Colin Robertson The Globe and Mail Tuesday, Jul. 05, 2016

This week’s NATO summit in Warsaw will test the Trudeau government’s commitment to collective security.

Speaking last week in Canada’s House of Commons, U.S. President Barack Obama called on every NATO member to contribute its “full share to our common security.” So that there was no mistake about his message, Mr. Obama repeated his call three times that NATO “needs more Canada.”

The next day the Trudeau government announced that Canada will take a “leadership role” to support NATO in Eastern Europe. Putting boots on the ground is demonstrable support for deterrence. It illustrates continuity with the Harper government’s earlier commitments of fighter jets and trainers to Eastern Europe. It is also smart politics: three million Canadians claim Eastern European origins, 1.2 million from Ukraine alone.

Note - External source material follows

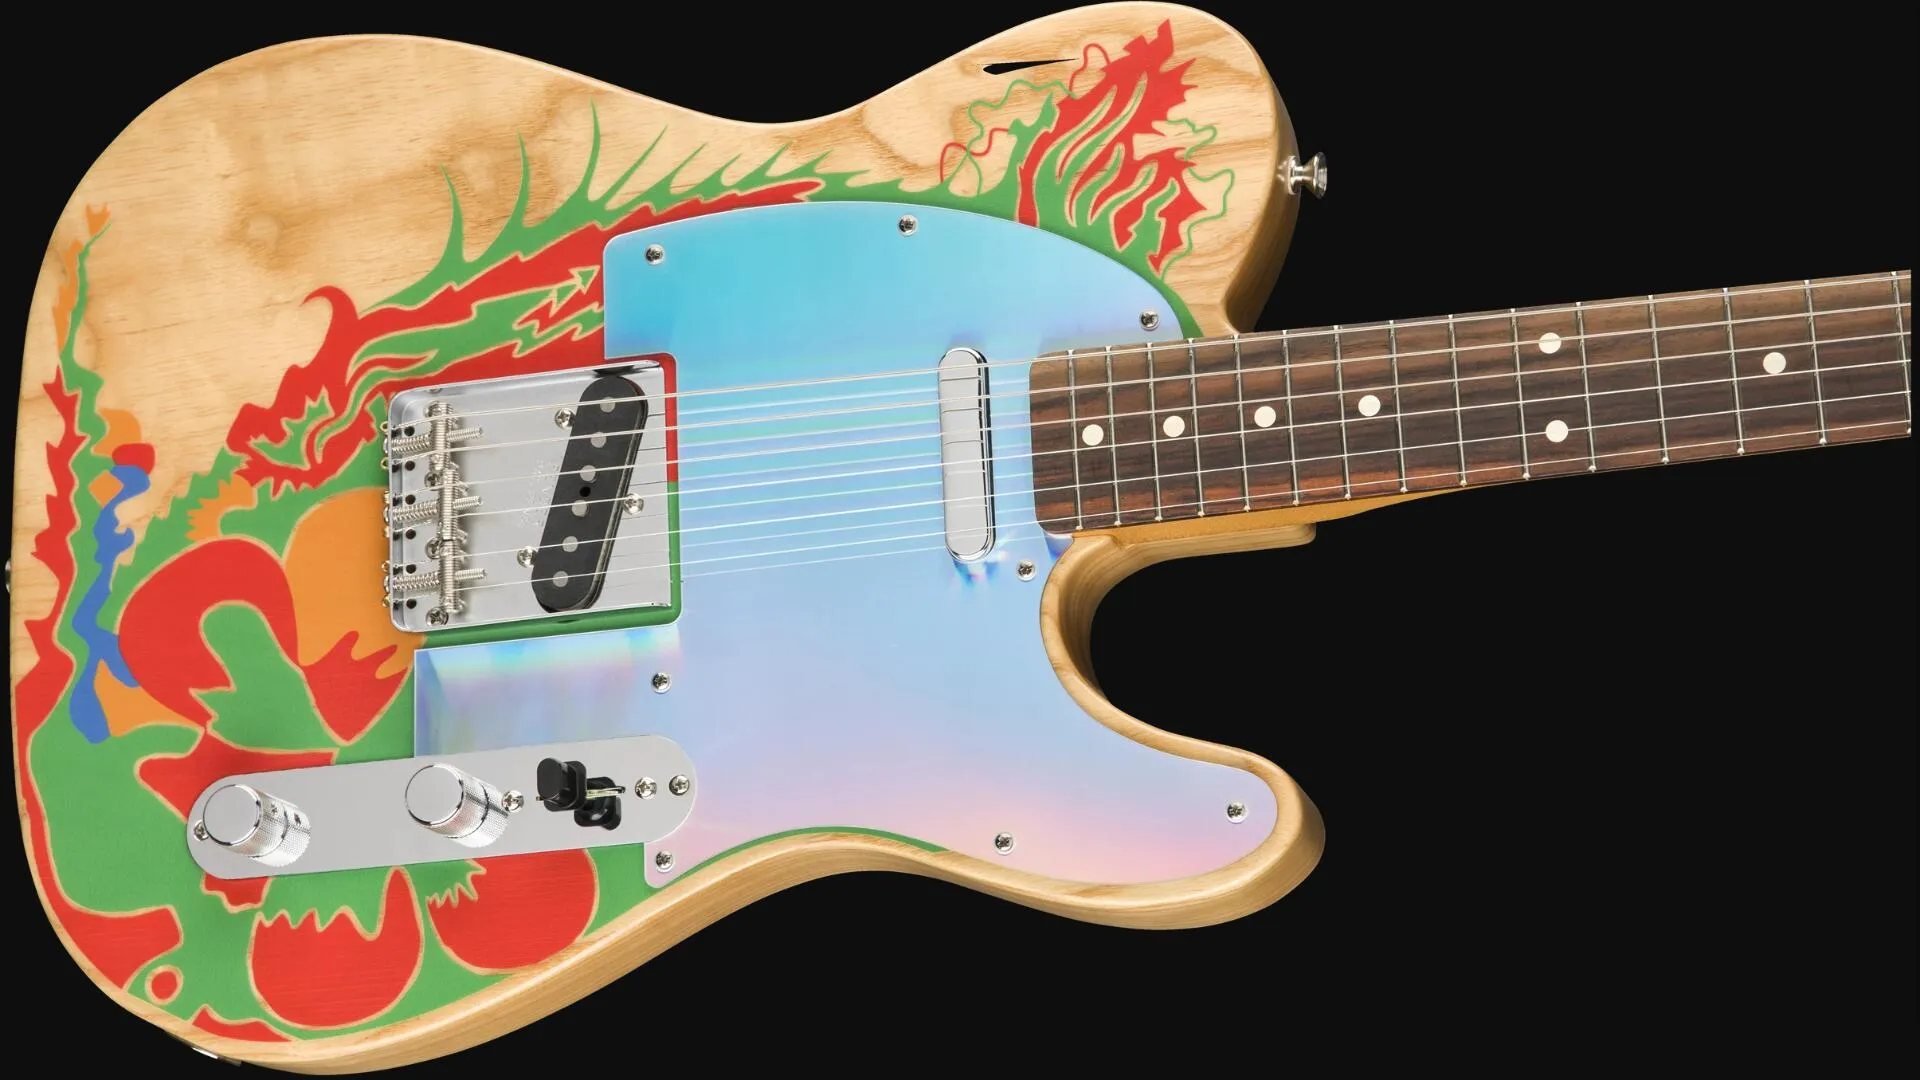 Custom Shop Masterbuilt Jimmy Page Dragon Chitarra elettrica con tastiera in palissandro, corpo in frassino naturale, motivo drago dipinto a mano di Jimmy Page

Canada’s new contribution will be welcomed in Warsaw but there is still a big gap between Canada’s current spending of 1 per cent of GDP on defence and NATO’s 2-per-cent standard. With the U.S. currently spending 3.62 per cent and tired of carrying the rest of the alliance, neither Hillary Clinton nor Donald Trump will likely be as gentle as Mr. Obama in pressuring Canada and other NATO members to budget more on defence.

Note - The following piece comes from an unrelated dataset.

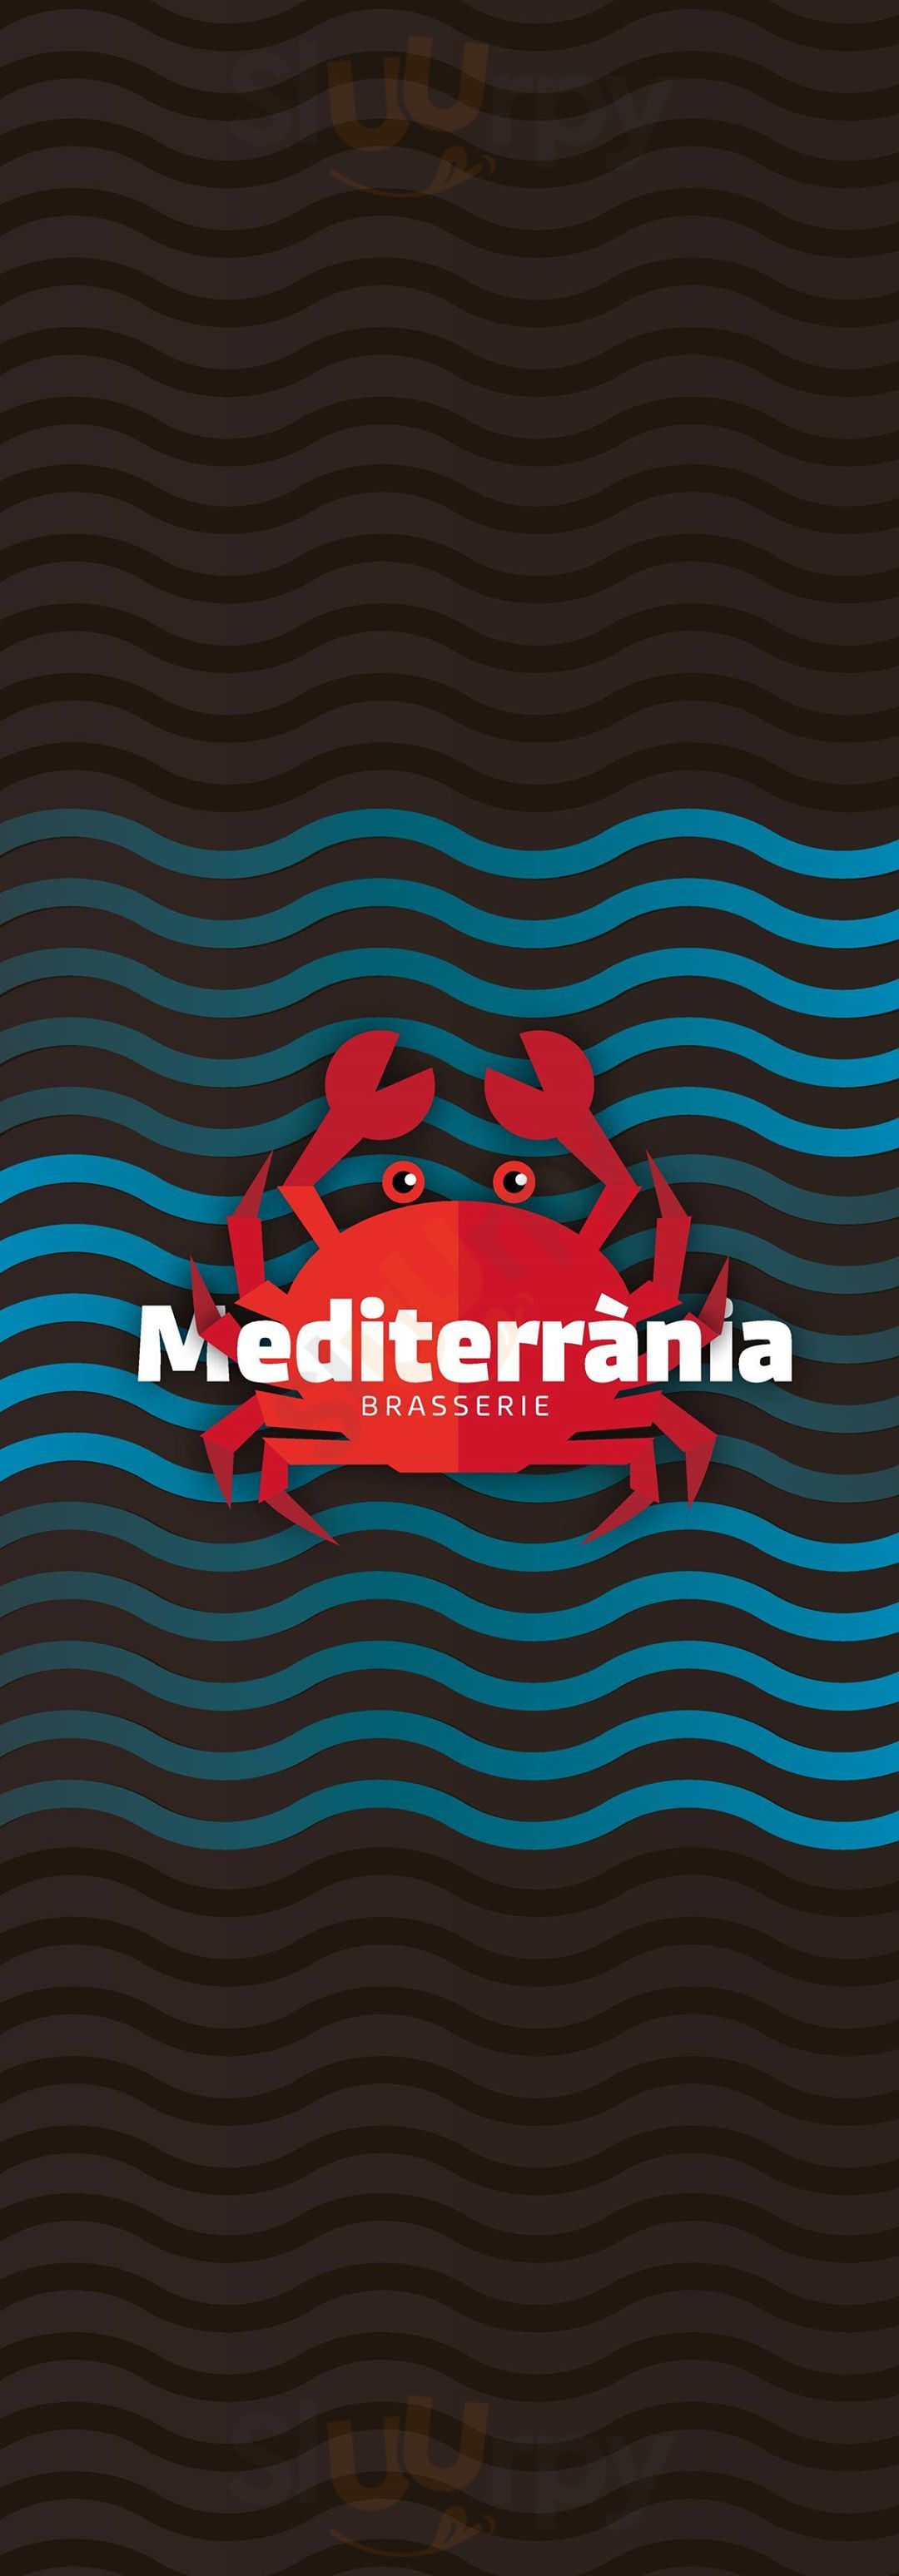 Mediterrània Brasserie Barcelona Menu - 1

The 28 nations that make up the NATO alliance face a series of crises, including leadership changes. Europe is weakened by economic malaise, the migrant crisis, and now Brexit, a contagion that threatens to spread across Europe. To the east, the alliance confronts a revanchist Russia. On its southern flank there is continuing turmoil in the Middle East and terrorist strikes deep into member countries.

The spine that sustains our beleaguered liberal international order is collective security. Collective security depends on a credible deterrence supported by all members of NATO.

The Warsaw summit comes as the government concludes its cross-country consultations on Canada’s new defence policy. Two submissions, by retired naval officers Bruce Donaldson and Glenn Davidson, stand out.

Retired vice-admiral Donaldson argues that the key questions in the review are not the what, when and where but rather, “how much … how soon, and for how long … how many at the same time”, and “at how much risk”? To enhance Arctic sovereignty, Mr. Donaldson recommends investments in high data-rate communications, navigation safety, air and ground transportation infrastructure, and monitoring of activity in remote internal areas.

In his submission, Mr. Davidson warns that while planning is useful, “things will only rarely happen as forecast.” This underlines the need for a flexible Canadian Forces response capability and to maintain interoperability with U.S. Forces. Mr. Davidson, who later served as Canadian ambassador in Syria and Afghanistan, also says that because deployments historically extend well beyond their originally anticipated date, we need to build sustainability into operating budgets.

Both admirals are also critical of recent defence management. Mr. Davidson argues for greater risk tolerance, more continuity in senior positions and a “long pause” in continual “organizational tinkering.” Mr. Donaldson warns of the culture of “risk intolerance” that infects government with the senior bureaucracy adverse to all financial risks and ministers reluctant to make decisions. The result is serial delays at the cost of capacity and capability.

Later this week Dr. David Bercuson will release a collection of essays by experts on Canada’s defence challenges, underlining the importance of collective security and the U.S. defence partnership. Dr. Bercuson’s essay warns that Canada “must never spread itself too thinly, try to do too much across the spectrum of military operations, or use the military as tokens where tokenism won’t count for much.”

The Trudeau government has shown deftness in its handling of foreign policy and leadership on climate and migration. It understands soft power and the importance of multilateral engagement and dialogue. But experience suggests that a credible deterrence is a precondition for constructive dialogue with adversaries.